A long-delayed plan to build a giant reservoir in Northern California to help withstand the U.S. West’s notorious droughts got a huge financial boost on Thursday when the federal government signaled its intent to loan the project nearly $2.2 billion — about half of the cost to design, plan and build it.
The proposal would flood what's left of the town of Sites, a tiny community with just a handful of residents nestled in a valley of the coastal range mountains in rural Colusa County. The idea has been around since the 1950s, but there has never been enough money or political will to move it forward.
But now a megadroughtcaused by climate change that researchers say is the worst in 1,200 years has renewed interest in the project, and efforts to move the project forward are happening quickly. It is also in line to get about $875 million from a voter-approved bond, plus another $450 million loan from the U.S. Department of Agriculture.
And the massive loan announced Thursday by the Environmental Protection Agency essentially preapproved the project and making it close to fully funding the project for the first time. Final approval of the $2.2 billion will take up to two years as federal government and project officials to negotiate the terms and sign documents.
“We’ve definitely turned the corner and we have a nice tailwind at our back,” said Jerry Brown, executive director of the Sites Project Authority overseeing and promoting the project. He is not related to the former California governor with the same name.
The project still must clear some regulatory processes before construction, including an environmental review in which the project is facing fierce resistance. Unlike most reservoirs, the Sites project won’t be connected to a river or stream for water to naturally flow into the lake. Instead, operators will have to pump water from the nearby Sacramento River.
Environmental groups, including the Natural Resources Defense Council, have said the project will take too much water from the river, harming endangered salmon. Plus, they say the water from the Sites project will be more expensive for customers because of high pumping costs.

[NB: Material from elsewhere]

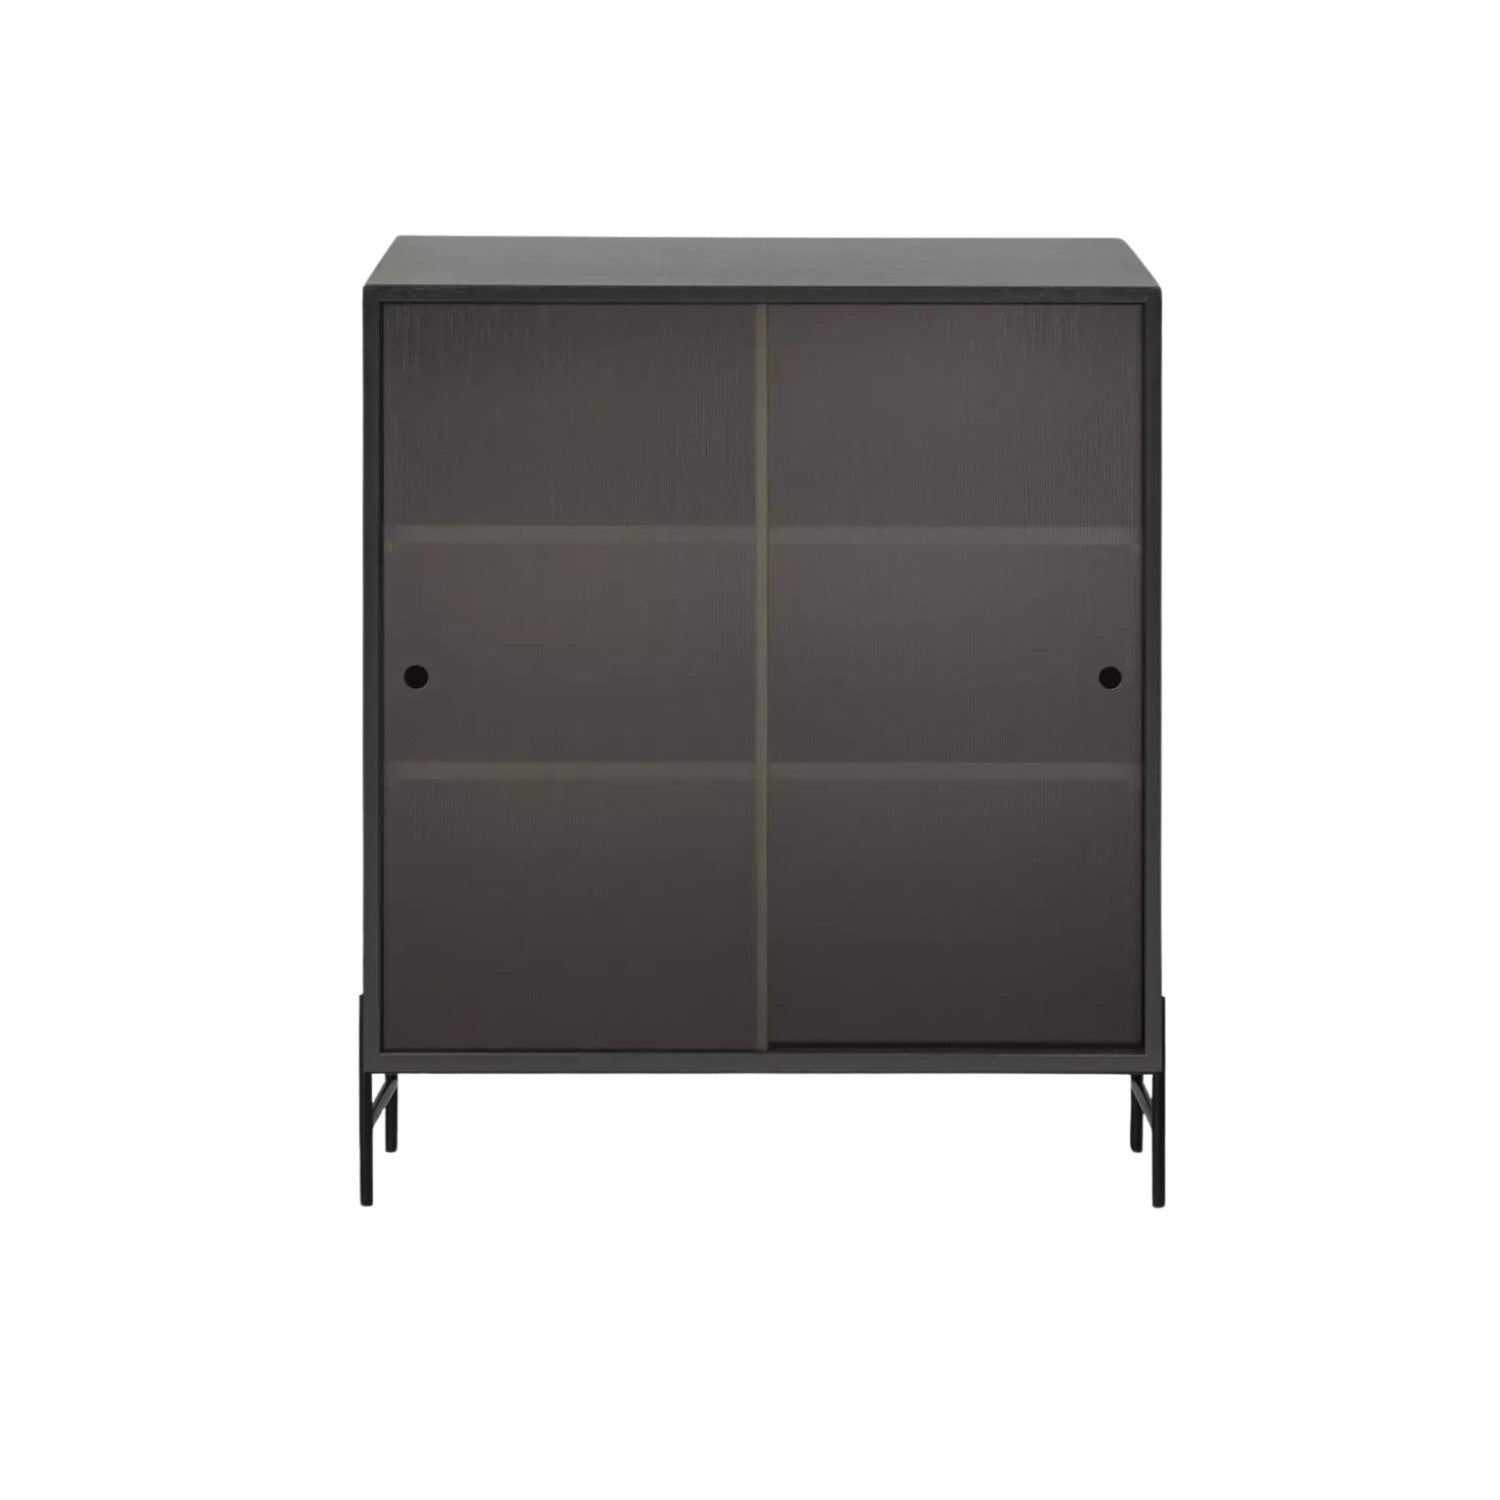 HIFIVE GLASS LOW H75 - Cabinet

“It’s disappointing that the EPA seems to be prioritizing taxpayer subsidies for this environmentally destructive dam instead of projects for to ensure safe drinking water and wastewaters services,” said Doug Obegi, a senior attorney for Natural Resources Defense Council.
It takes a lot of water to run California, which has nearly 40 million residents. The state has a robust agricultural industry that supplies the bulk of the nation’s fruits, nuts and vegetables and a diverse — but fragile — ecosystem that is home to endangered salmon species.

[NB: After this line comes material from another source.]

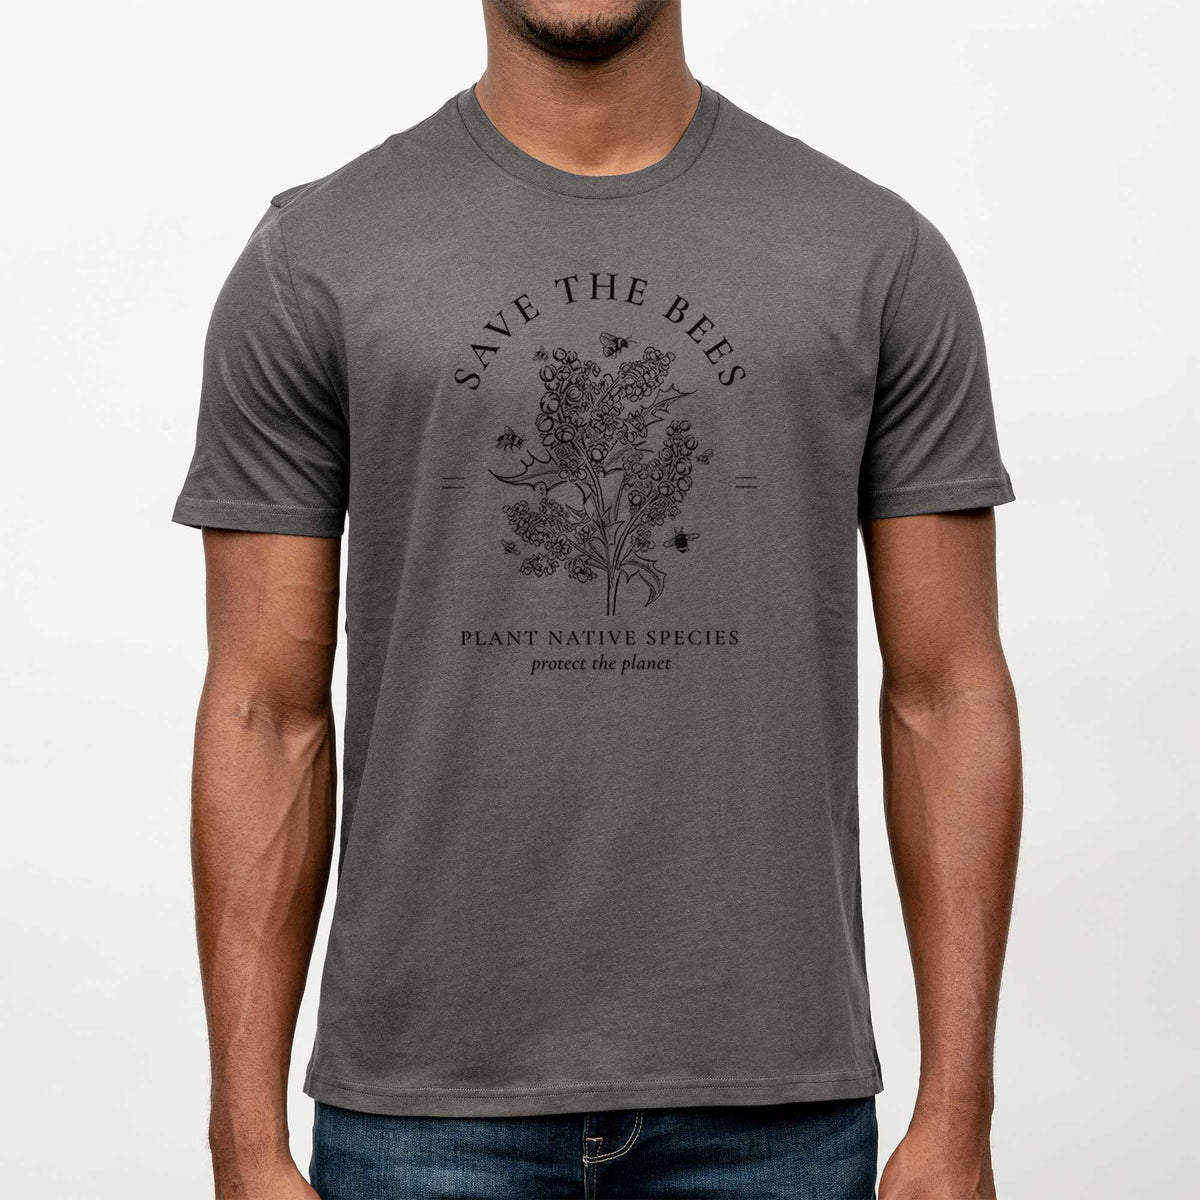 Save the Bees - Plant Native Species -  Mineral Wash 100% Organic Cotton Short Sleeve

It hardly ever rains in the state, with nearly all precipitation coming during the winter months and early spring. California has a vast system of reservoirs that capture and store water from rain and melted snow in the Sierra Nevada mountains. The reservoirs then release water throughout the year for drinking, agriculture and environmental purposes while also offering recreation for local residents and tourists.
But the drought has drained those reservoirs to alarmingly low levels, forcing state and federal officials to release a lot less water. That's been bad for the environment and forced farmers to fallow thousands of acres of crops.
When it does rain in California, it rains a lot. So-called “atmospheric rivers” that suck moisture from the Pacific Ocean can dump tremendous amounts of rain on the state in short periods. The Sites Reservoir, project officials say, would capture that extra water when it's available.
The reservoir would hold enough water to supply about 3 million households for one year — although much of the water would be for agricultural purposes. It would be nearly twice the size of the most recent reservoir built in California, but still much smaller than some of the state's better known lakes like Shasta and Oroville.
Project officials say a lot of the water from the reservoir would be released for environmental purposes, including increasing flows in the state's major rivers and streams.
But Obegi, with the Natural Resources Defense Council, says the water would likely be too warm to benefit fish. Plus, he said the project would take water from the Sacramento River during both wet and dry seasons.
“It is the classic example of a project that where the political science supports the project but the biological science does not," Obegi said.
Brown, the Sites Reservoir's executive director, said the project would be a “smarter tool" to “provide better management of our water.”
He acknowledged the reservoir would remove river water but said the reservoir would put it back. Plus, he said the loan from the EPA could reduce the cost of the water by about 10% for customers.
“It's just a, kind of, different way of thinking about it,” he said. “There’s a lot of fear and distrust and we have to operate in a way that we, you know, secure trust and address the fears."